ENTRIES PROVIDED »
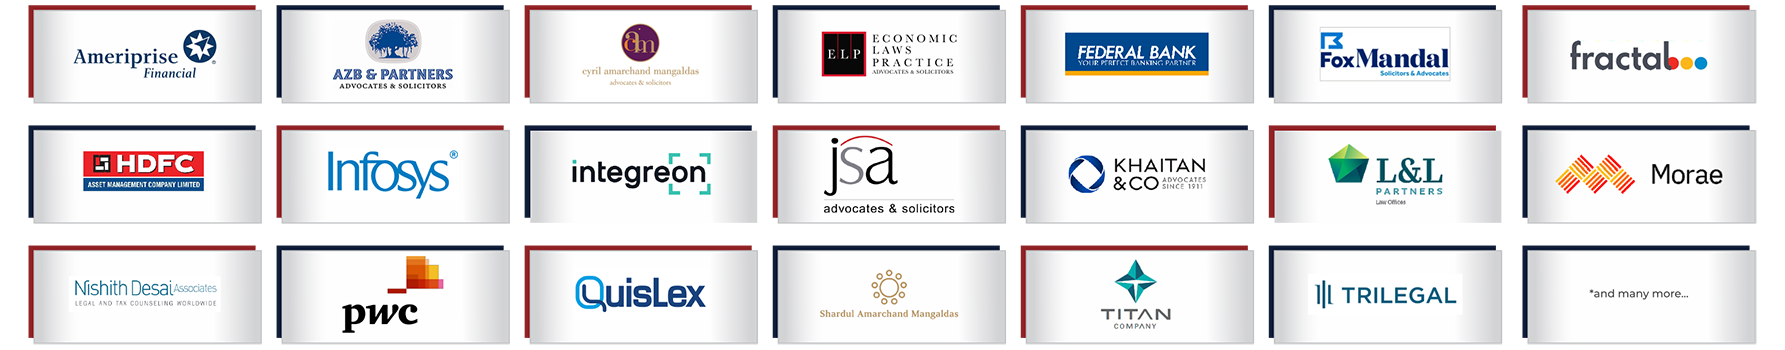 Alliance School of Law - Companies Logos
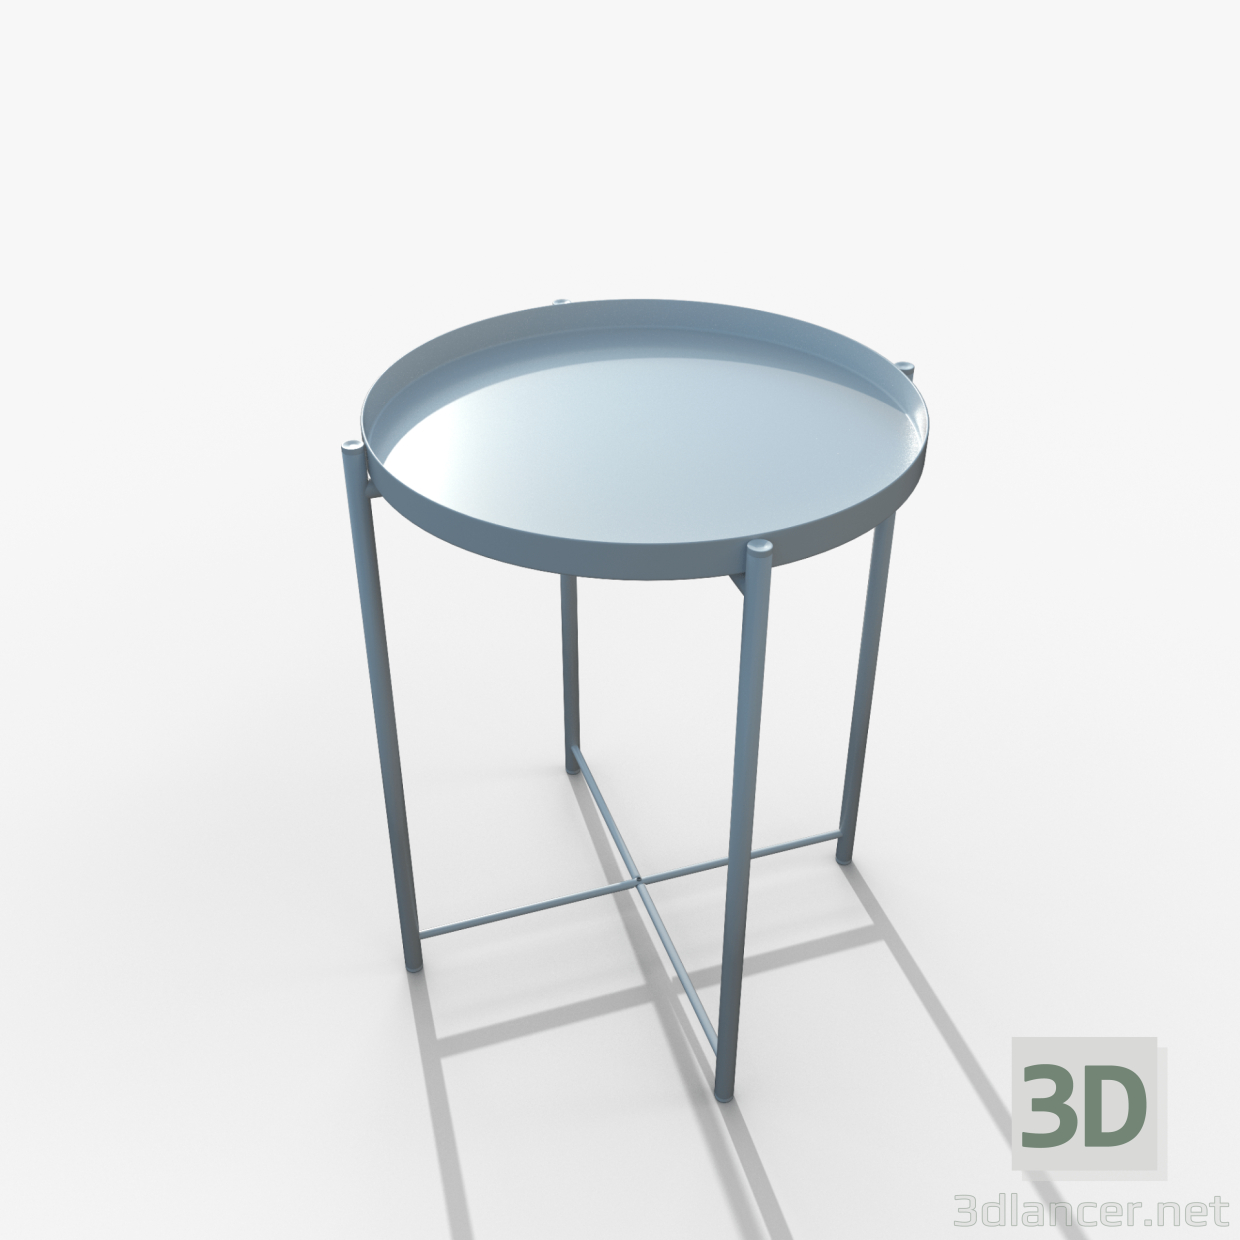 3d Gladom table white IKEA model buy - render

...

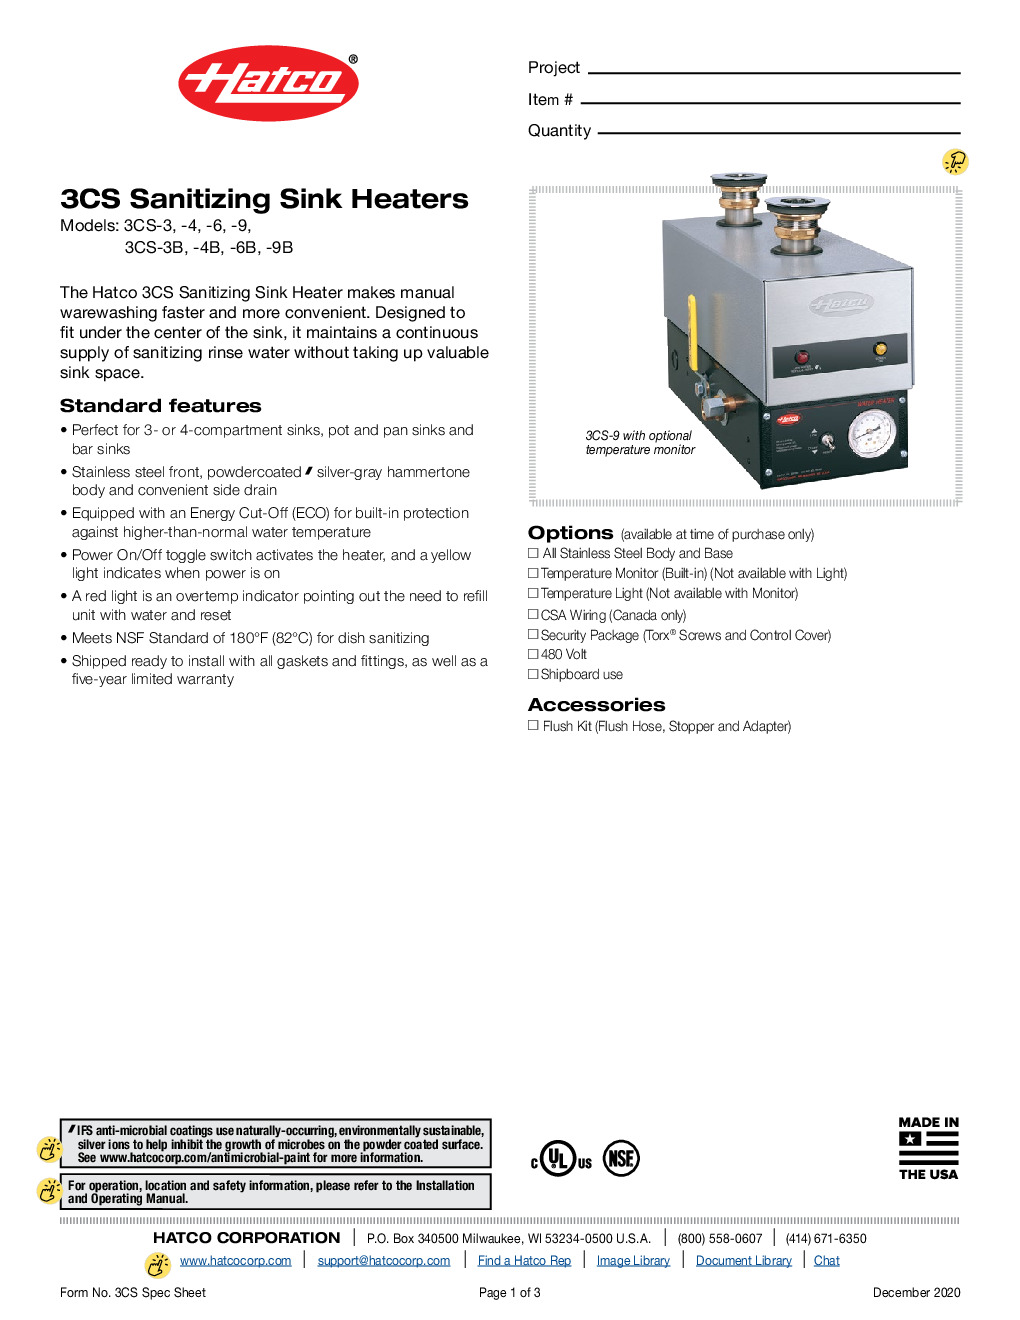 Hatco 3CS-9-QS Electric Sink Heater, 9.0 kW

TASK STATEMENT » Take the entries above and copy exactly the lines starting at the one with "Alliance School of Law - Companies Logos" and ending at the one with "3d Gladom table"; nothing outside that span, and no pictures.

ANSWER SPACE »
 Alliance School of Law - Companies Logos
 3d Gladom table white IKEA model buy - render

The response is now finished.